Dust borrowed Rust's approach to semicolons and their effect on evaluation and relaxed the rules to
accommodate different styles of coding. Rust isn't designed for command lines or REPLs but Dust is
well-suited to those applications. Dust needs to work in a source file or in an ad-hoc one-liner
sent to the CLI. Thus, semicolons are optional in most cases.
There are two things you need to know about semicolons in Dust:
- Semicolons suppress the value of whatever they follow. The preceding statement or expression will
have the type `none` and will not evaluate to a value.
- If a semicolon does not change how the program runs, it is optional.
This example shows three statements with semicolons. The compiler knows that a `let` statement
cannot produce a value and will always have the type `none`. Thanks to static typing, it also knows
that the `write_line` function has no return value so the function call also has the type `none`.
Therefore, these semicolons are optional.
```rust
let a = 40;
let b = 2;
write_line("The answer is ", a + b);
```
Removing the semicolons does not alter the execution pattern or the return value.
```rust
let x = 10
let y = 3
write_line("The remainder is ", x % y)
```
### Type System
All variables have a type that is established when the variable is declared. This usually does not
require that the type be explicitly stated, Dust can infer the type from the value.

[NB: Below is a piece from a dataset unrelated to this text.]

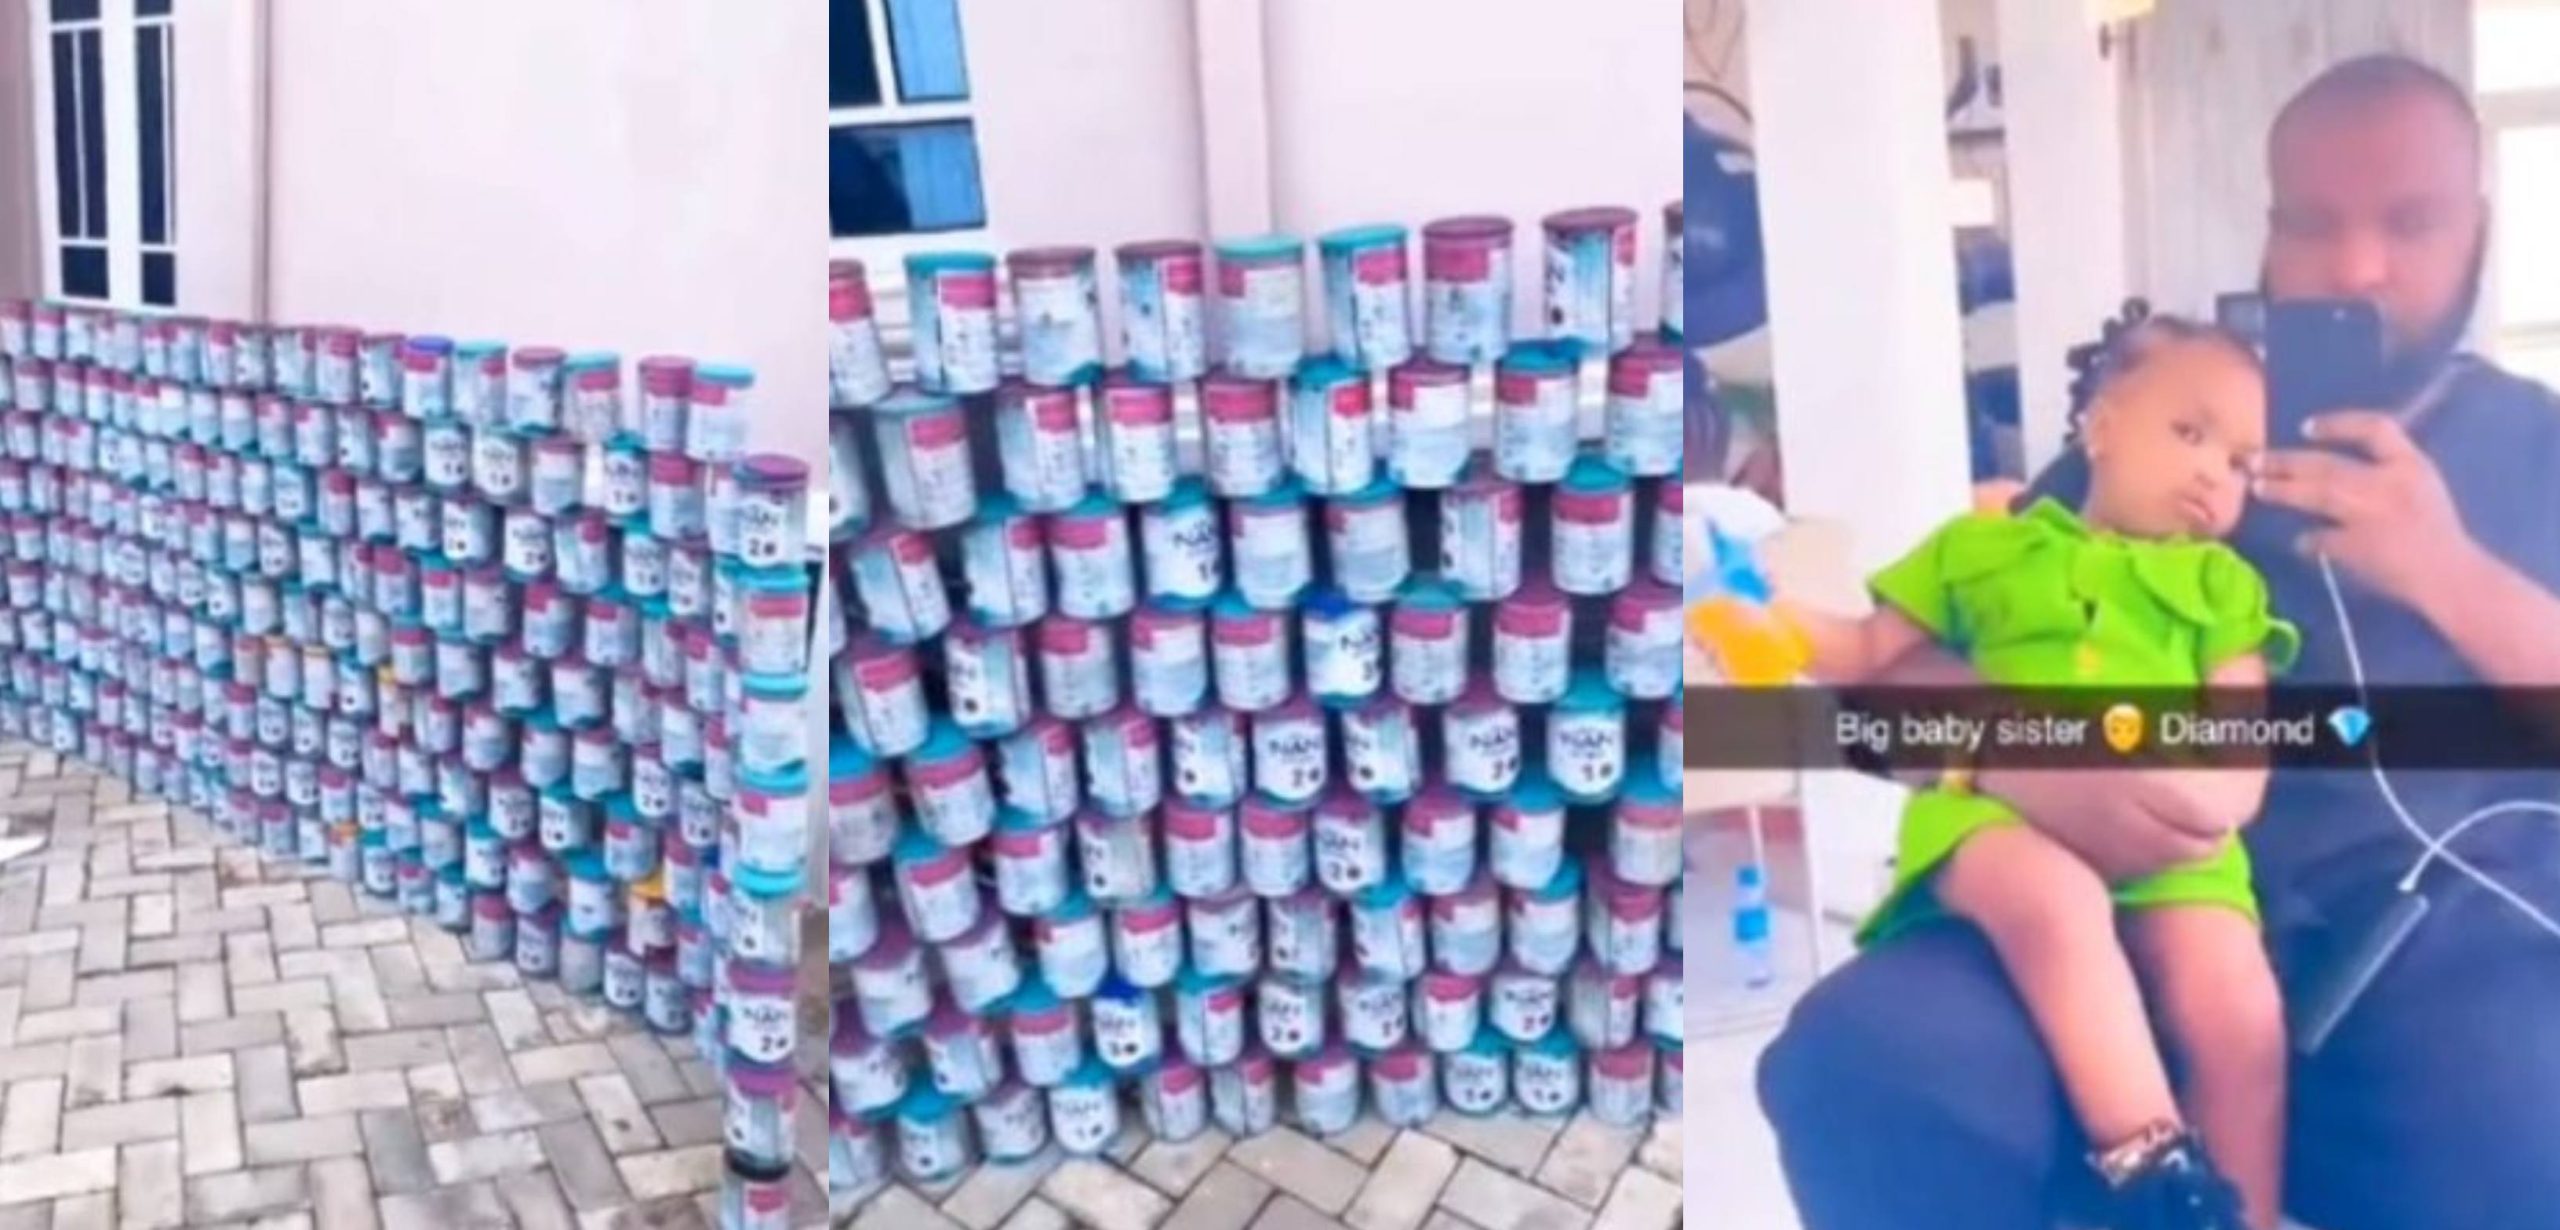 Nigerian Man says as his little daughter drinks 212 cans of NAN milk

The next example produces a compiler error because the `if` block evaluates to and `int` but the
`else` block evaluates to a `str`. Dust does not allow branches of the same `if/else` statement to
have different types.
```rust
// !!! Compile Error !!!
let input = read_line()
let reward = if input == "42" {
write_line("You got it! Here's your reward.")
777 // <- This is an int
} else {
write_line(input, " is not the answer.")
"777" // <- This is a string
}
```
### Basic Values
Dust supports the following basic values:
- Boolean: `true` or `false`
- Byte: An unsigned 8-bit integer
- Character: A Unicode scalar value
- Float: A 64-bit floating-point number
- Function: An executable chunk of code
- Integer: A signed 64-bit integer
- String: A UTF-8 encoded byte sequence
Dust's "basic" values are conceptually similar because they are singular as opposed to composite.
Most of these values are stored on the stack but some are heap-allocated. A Dust string is a
sequence of bytes that are encoded in UTF-8. Even though it could be seen as a composite of byte
values, strings are considered "basic" because they are parsed directly from tokens and behave as
singular values. Shorter strings are stored on the stack while longer strings are heap-allocated.
Dust offers built-in native functions that can manipulate strings by accessing their bytes or
reading them as a sequence of characters.
There is no `null` or `undefined` value in Dust. All values and variables must be initialized to one
of the supported value types. This eliminates a whole class of bugs that permeate many other
languages.
> I call it my billion-dollar mistake. It was the invention of the null reference in 1965.
> - Tony Hoare
Dust *does* have a `none` type, which should not be confused for being `null`-like. Like the `()` or
"unit" type in Rust, `none` exists as a type but not as a value. It indicates the lack of a value
from a function, expression or statement. A variable cannot be assigned to `none`.
## Previous Implementations
Dust has gone through several iterations, each with its own design choices. It was originally
implemented with a syntax tree generated by an external parser, then a parser generator, and finally
a custom parser. Eventually the language was rewritten to use bytecode instructions and a virtual
machine. The current implementation: compiling to bytecode with custom lexing and parsing for a
register-based VM, is by far the most performant and the general design is unlikely to change.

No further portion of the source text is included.